Tuesday 9 March 2010


Wrong Knowledge, the new barrier to KM



Once upon a time, the main barrier to introducing KM to a new client, was that they didn't know anything about KM, so had no idea of the value it could deliver. Their lack of knowledge made them suspicious - made them see KM as some sort of fad.

Now there is a new barrier. Now they think they know what KM is, and have dismissed it already. They have heard stories of KM being "all about content management" or "all about SharePoint" or "all about social networks", and they think that this is the totality of the topic. They either say "No thanks, this is not for us", or they say "We are doing Knowledge Management already because we bought SharePoint". They have been trapped in one of the "partial views" that I blogged about here.


If anything, this new barrier of "wrong knowledge about KM" is tougher than the old barrier of "no knowledge about KM". Back then, we just needed to educate. Now we need to re-educate.

However the means of breaking the barrier is the same as it ever was - tell stories, show videos of other people telling stories, or engage the client in their own "KM story" through participatory activity such as the Bird Island knowledge management exercise.
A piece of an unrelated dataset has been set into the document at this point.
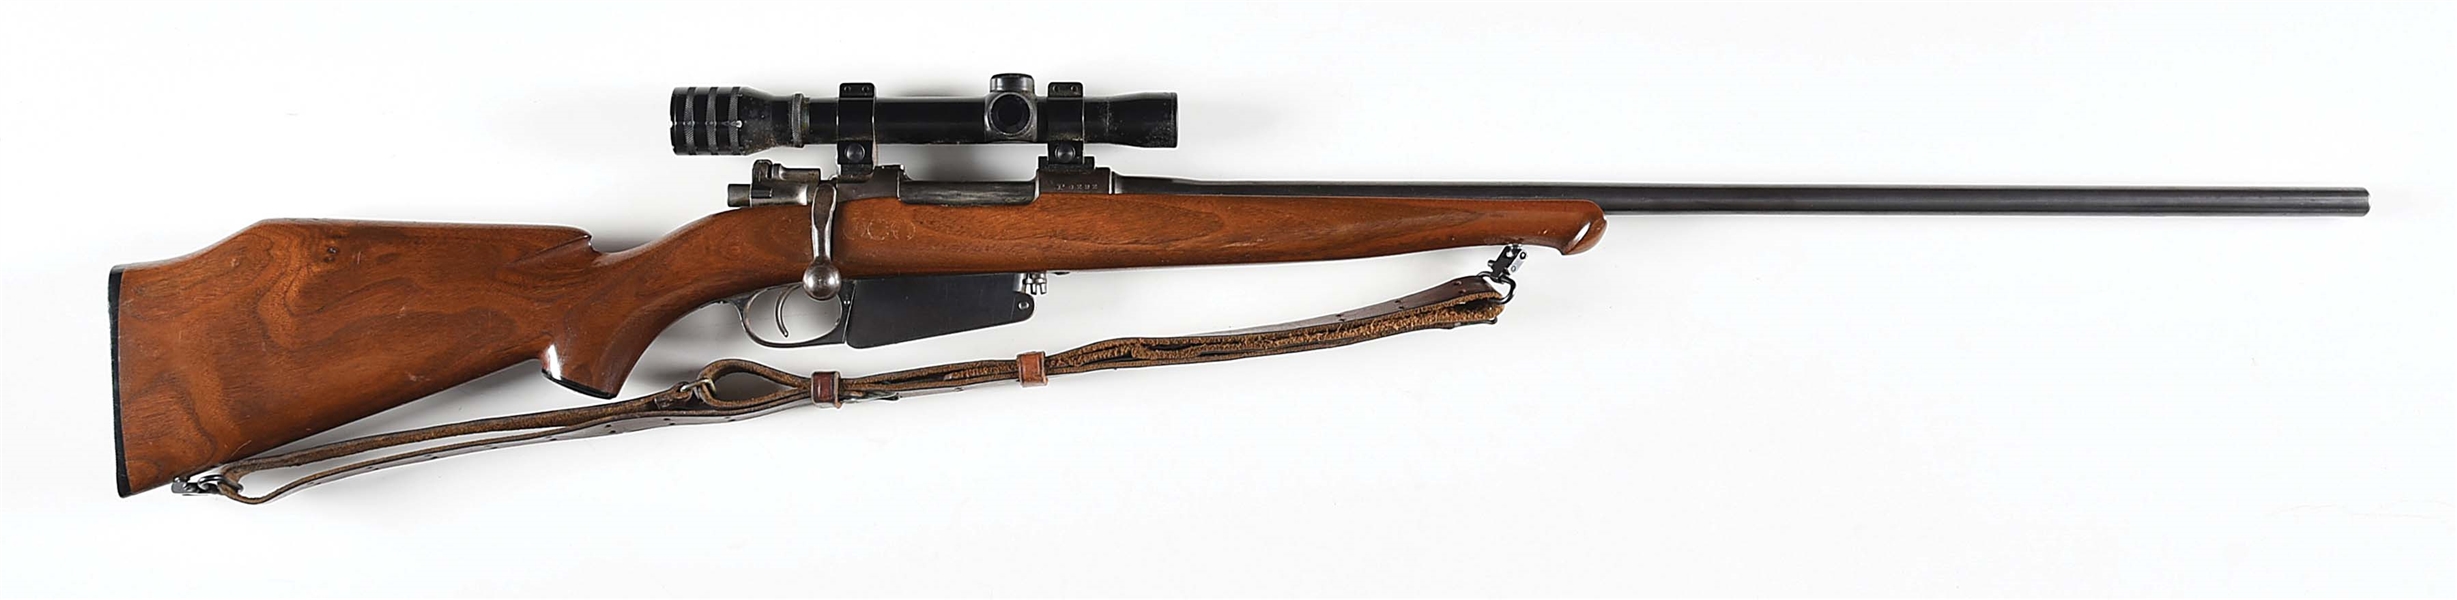 (A) SPORTERIZED LOEWE M1891 ARGENTINO MAUSER BOLT ACTION RIFLE.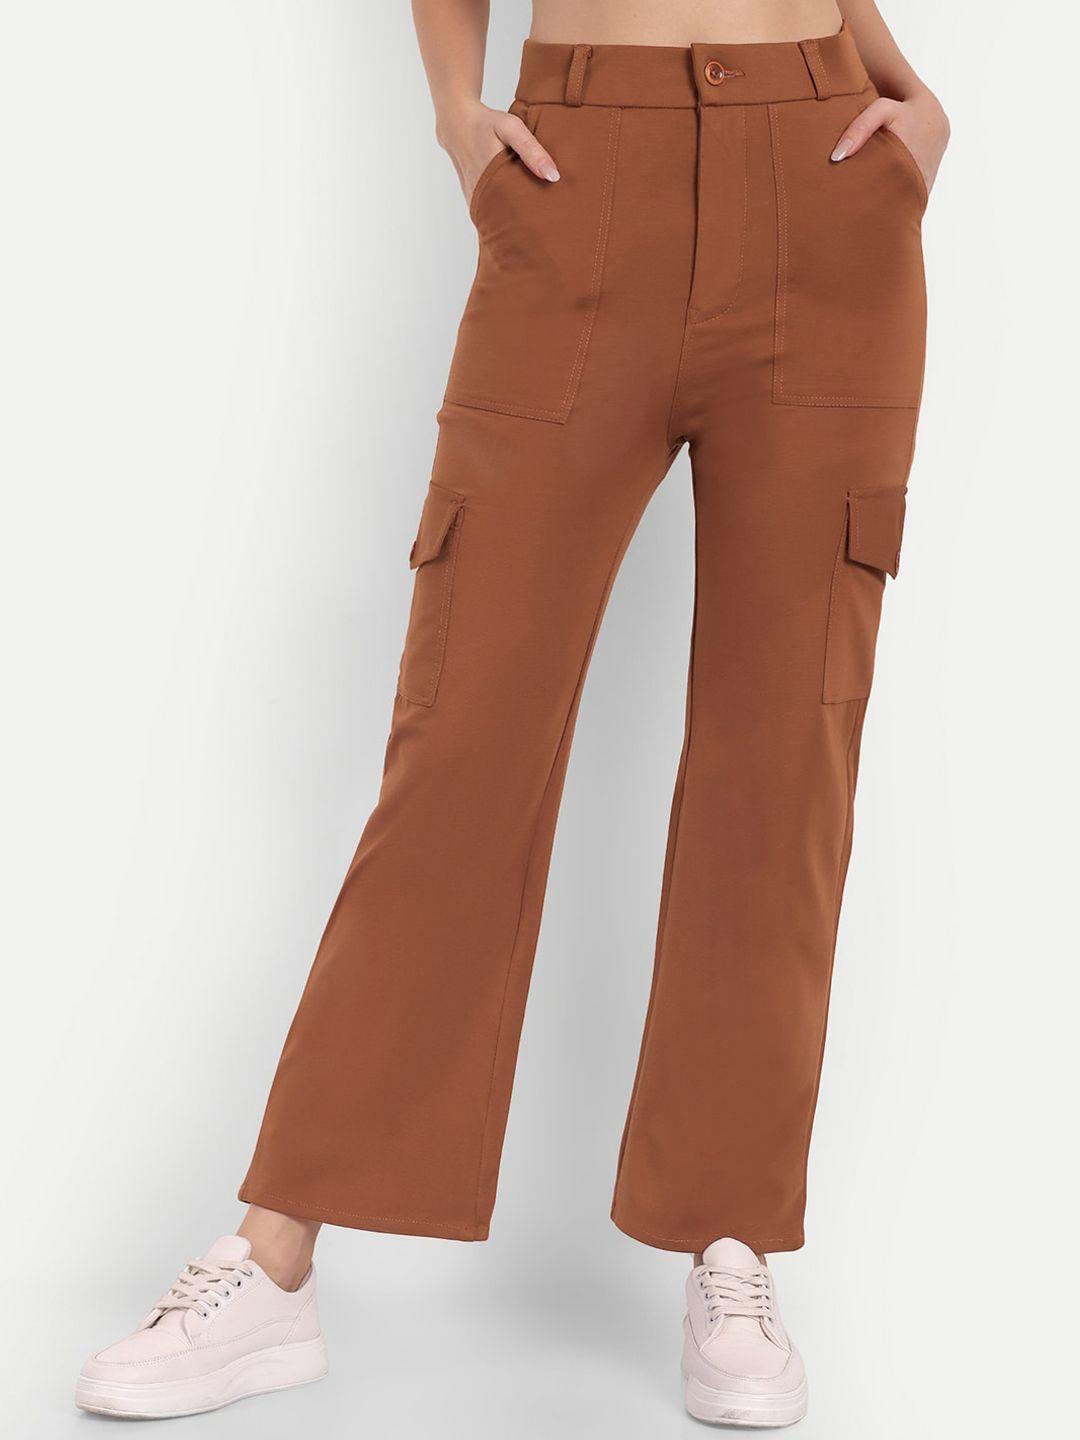 next-one-women-tan-smart-straight-fit-high-rise-easy-wash-cargos-trousers

Let them experience it - either personally or vicariously - and then they will "get it".

1 comment:

Ivan Webb said...

The brain struggles with the idea that what it believes is true might actually be wrong. This is the actual barrier.
The way around this is to have two ways: an Old Way and a New Way with the emphasis on thinking about KM rather than which is right and which is wrong about KM.
The idea here is that there is a 'new way' to think about KM. The 'old way' may be 'all about content management, etc" but this does not preclude new emerging ways. After all KM will always have some aspects of 'content management'.